As suggested in this decision and order, the allegations and claims of the
three adult parties are dramatically divergent. It would seem, under those circumstances,
that it would be prudent, before any fact finding hearing, for the parties to engage in the
most robust discovery proceedings including bills of particulars and examinations before
trial. It is suggested that the latter include the deposition of any non-party affiants whom
any party might contemplate calling to testify. The schedule established in the following
decretal paragraph provides adequate time for such an opportunity. The Court also notes
that a conference with the Court, at an early opportunity, may be salutary.
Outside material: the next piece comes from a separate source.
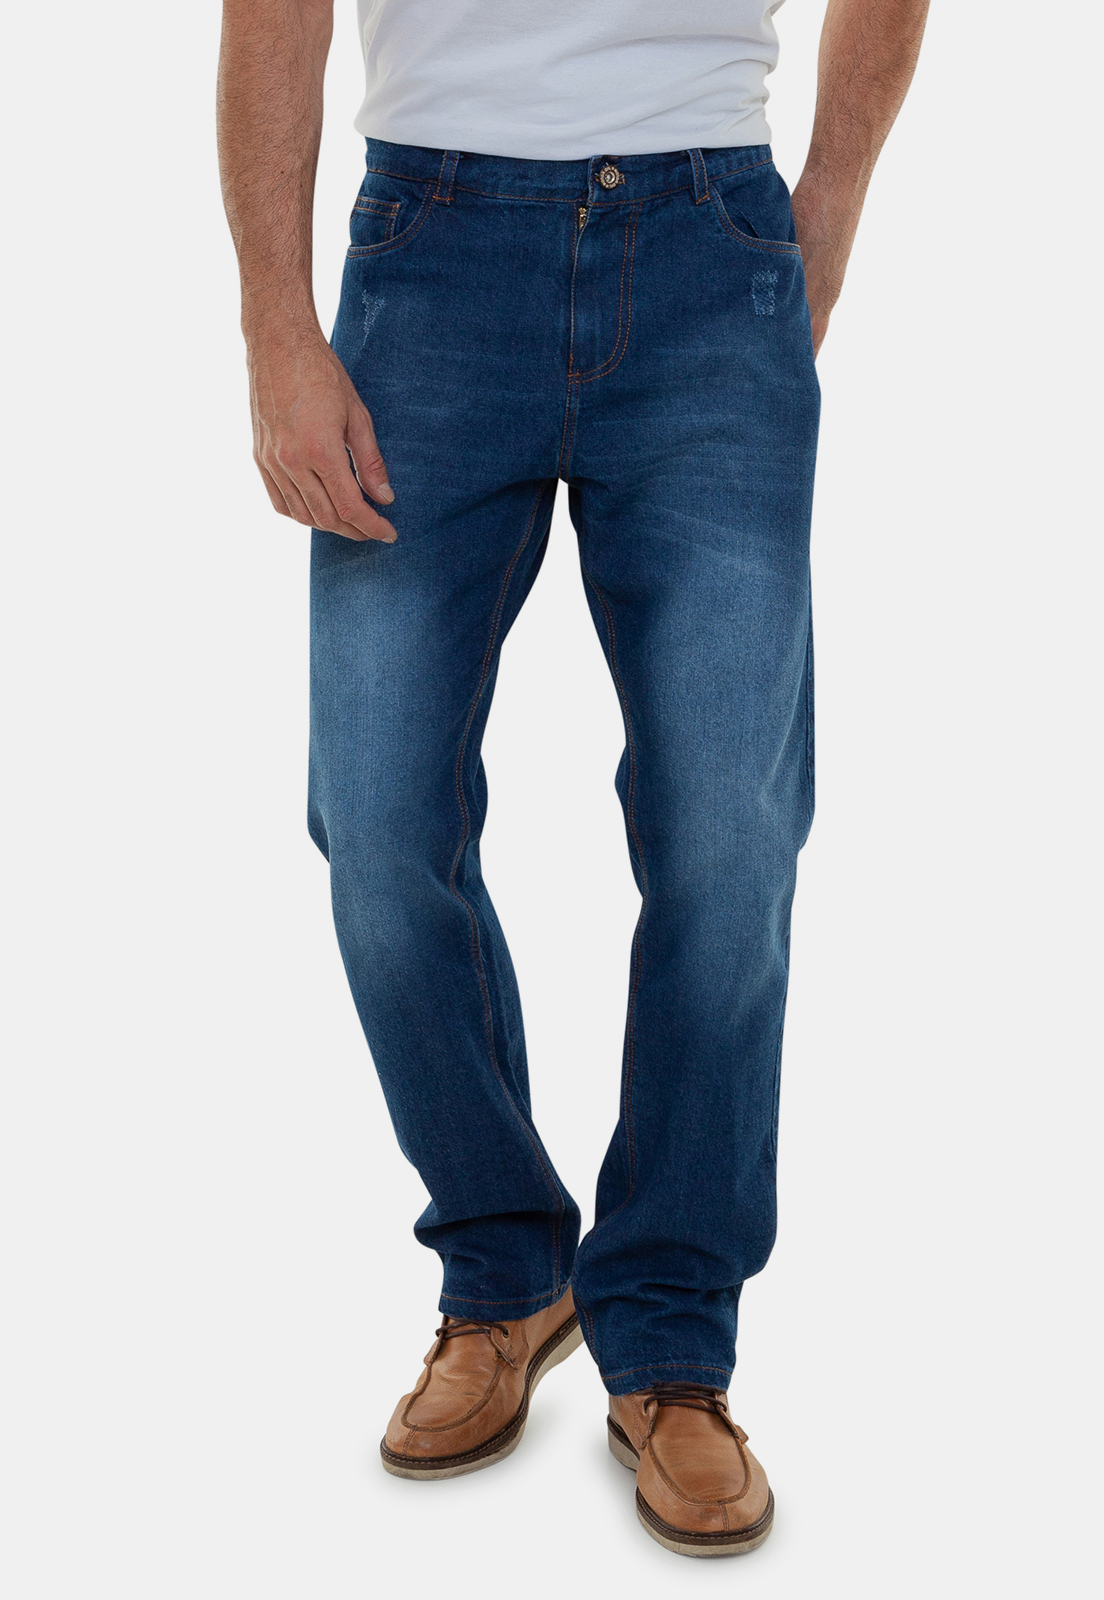 Calça Jeans Masculina Tradicional com Elastano - Etiqueta Casual

Under these unusual circumstances, it is prudent for the Court to reserve
decision upon any motion to dismiss the pending paternity petitions. Likewise, it would
also seem that any resolution of the companion Family Court Act article 6 custody
proceedings is dependent upon the outcome of these paternity petitions. Accordingly, and
upon the Court's own motion, the custody proceedings will be stayed but conferenced
with the Court on the conference date established in the following decretal
paragraphs.
NOW, upon due consideration, it is hereby
ORDERED that these proceedings, and the companion Family
Court Act article 6 custody proceedings, be, and the same hereby are, adjourned to the
calendar of this Court on the 13th day of June, 2014, at 1:00 p.m., for a conference with
all parties, except the child, and all counsel to be present; and it is further
ORDERED that these paternity proceedings be, and the same
hereby are, further adjourned to the calendar of this Court on the 16th day of July, 2014,
at 8:15 a.m., for a pre-trial [*8]settlement conference, if
necessary; and it is further
ORDERED that these paternity proceedings be, and the same
hereby are, further adjourned to the calendar of this Court on the 18th day of July, 2014,
at 8:15 a.m., for an evidentiary hearing, if necessary, to determine whether the petitioners
should be estopped from asserting the putative father's paternity of the subject child; and
it is further
ORDERED that discovery relative to these paternity proceedings be
completed by not less than two weeks prior to the pre-trial settlement conference and the
evidentiary hearing ordered herein; and it is further
ORDERED, upon the Court's own motion, that the Chief Clerk of
this Court enter an order staying the companion Family Court Act article 6 custody
proceedings except as set forth herein.
ENTER____________________________
Family Court Judge
Dated at Malone, New York, this 15th day of May, 2014.
Footnotes
Footnote 1:It should be noted that
the putative father's petition was not addressed at the initial appearance before the
Support Magistrate on February 10, 2014, as the order transferring the matter to this
Court was not received until the day of the appearance on the mother's petition.
Nonetheless, all of the appropriate parties to both petitions were before the Court.